Almendras amargas






Esta es la época donde el almendro inicia su floración de algodones que equilibran la luz, suavizando la grave austeridad de nuestros campos. 

Hay un almendro que veréis estribado a la vera, pasando un trecho la ermita de Belén de Zafra camino al Castellar, que se distingue entre todos los almendros de su alrededor porque el blancor de sus flores aun en plena temporada no llegan a despuntar más que en un blancor de tono ceniciento, florecido a duras penas de su tronco crispado, retorcido en ramas que contritas claman al cielo en lastimera letanía.

El almendro recoge en su fronda de flores cenicientas el viento que pasa a su alrededor y se respira una calma inquietante sin un pálpito de ave. Lejos están los gorjeos de los gorriatos y sus costuras aéreas. Sólo el milano, guardián de la dehesa, se acerca en su majestad invulnerable y pasa de largo su fría mirada.

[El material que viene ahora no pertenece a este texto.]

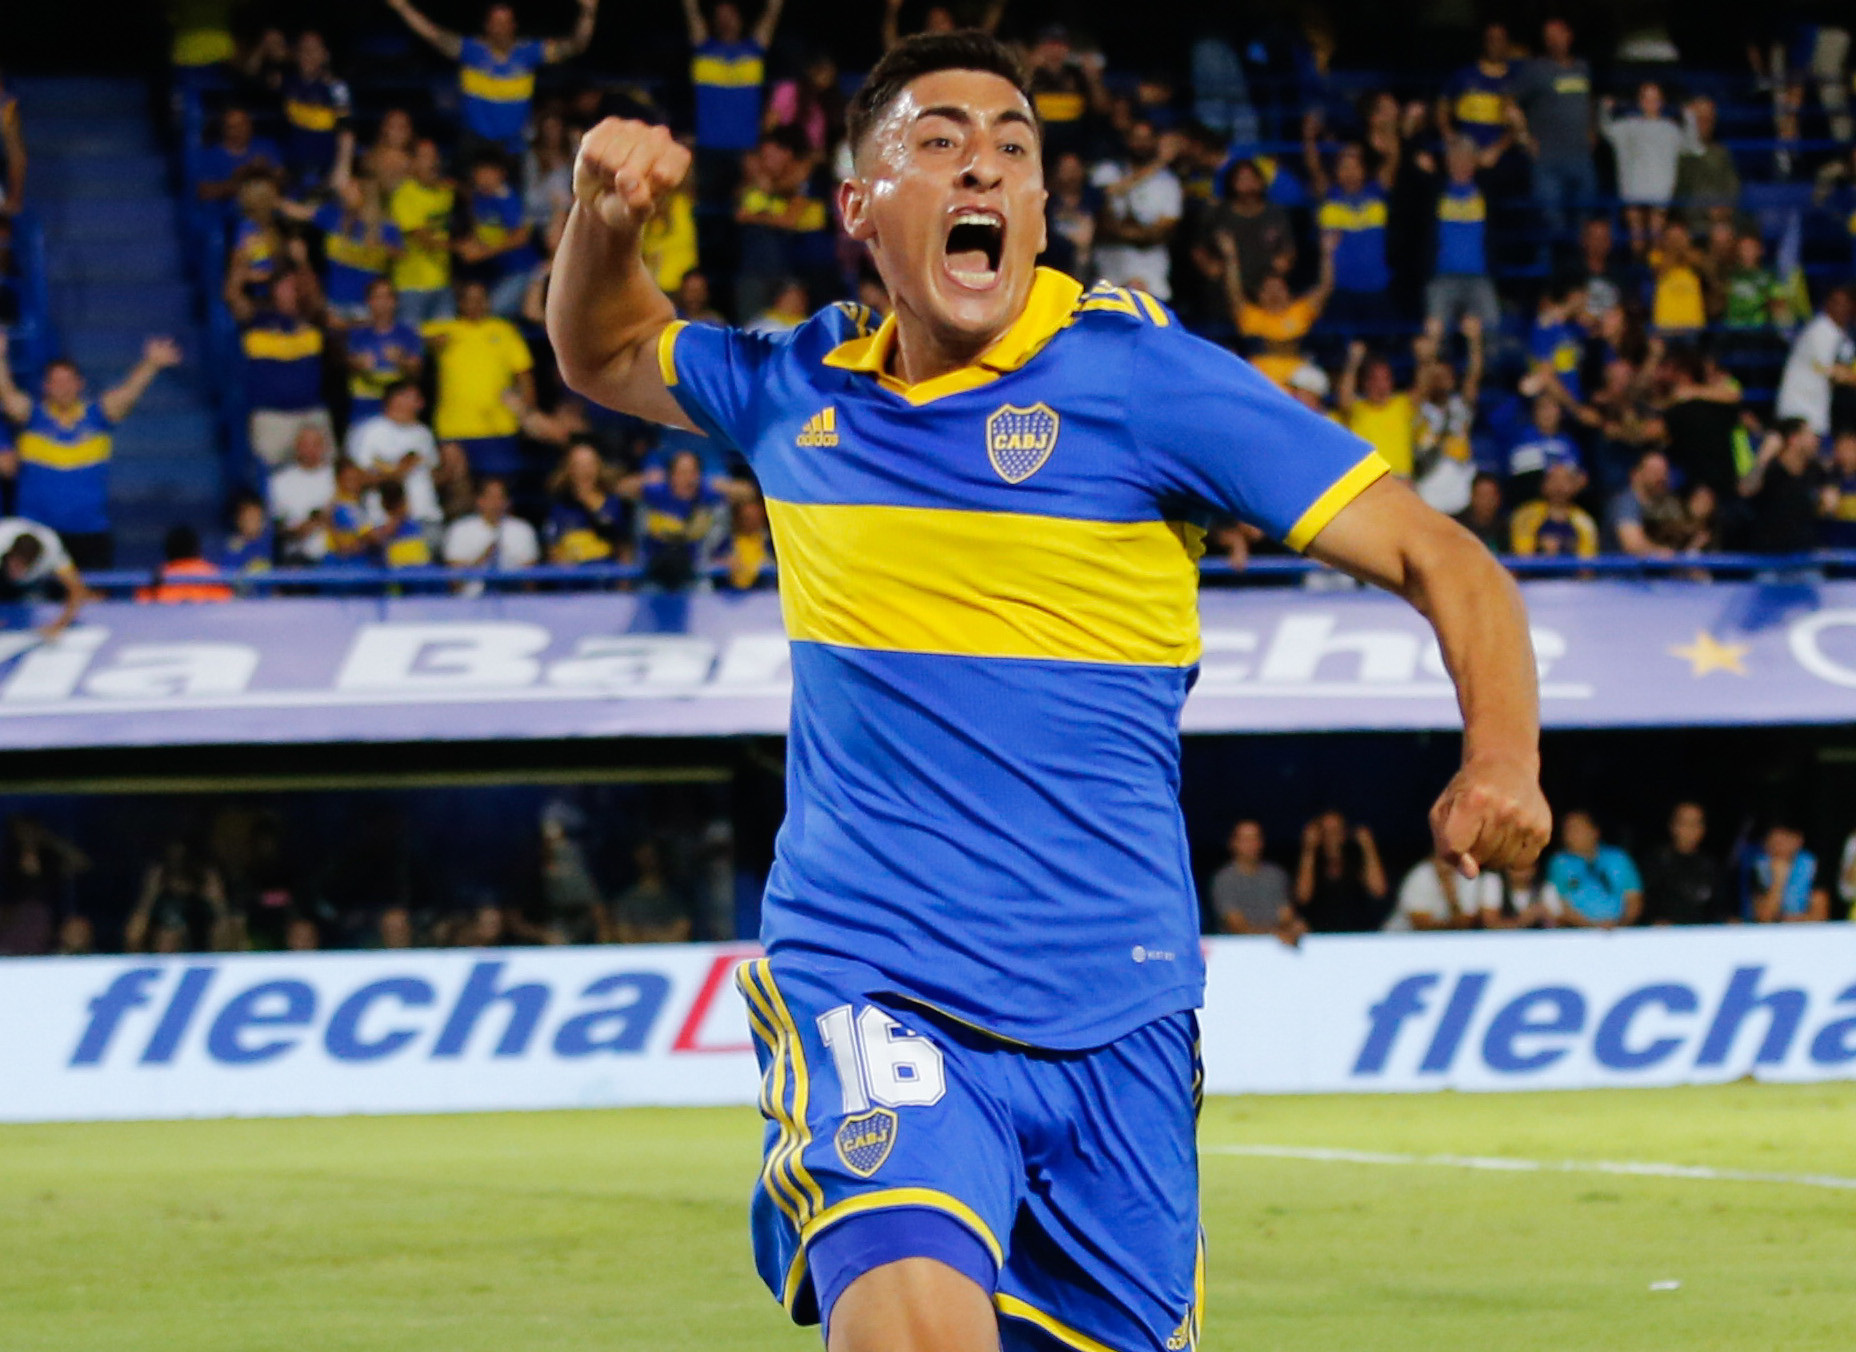 Ibarra le renovó la confianza a Miguel Merentiel que viene de marcar su primer gol con la camiseta de Boca Juniors (Fotobaires)

Veréis que nadie se acerca a este árbol porque además de estar esquinado y hurtarse a la vista, da las almendras  más amargas  que se hayan probado jamás por estos contornos. Es mejor no hincarles el diente siquiera, porque su sabor (de la más repulsiva y violenta acritud) nos envolverá  durante días quitándonos el apetito.


Todo tiene una solución. Toda pregunta tiene una respuesta, y ahora la he encontrado en una leyenda escuchada por un paisano (de sienes plateadas), que explica todo el misterio que rodea a este árbol.


La historia cuenta que había una pareja de enamorados que solían encontrarse junto al almendro. Los días iban fortaleciendo los sentimientos de los muchachos y el almendro llegó a ser testigo  del amor eterno que se juraron un día. El almendro crecía lozano entonces. Afianzado y luminoso es el amor cuando se divisa un horizonte común. A medida que avanza va madurando como el más dulce fruto. Ya se iba haciendo el ajuar, ya sonaba rumor de boda. Sin embargo, el muchacho fue llamado a servir al reino y la niña quedó sola esperándole ansiosa hasta que un día llegó carta informando sobre la muerte de su novio. 


La niña vio de repente todo su amor derrumbado y no dejó de llorar durante días frente al almendro, derramando  las más desoladas lágrimas al saber que su enamorado jamás volvería junto a ella. Esas mismas lágrimas vertidas las fue absorbiendo el almendro, tornando  sus flores cenicientas y aciago su fruto, dice la leyenda. 


Amargo es el amor cuando se desvanece, pero más amargo es aún si se trunca. Es un dolor sin orillas. No tiene fin. Es el mismo dolor que sorbió el almendro provocando, dice la leyenda, la más atroz amargura en su fruto por los siglos de los siglos.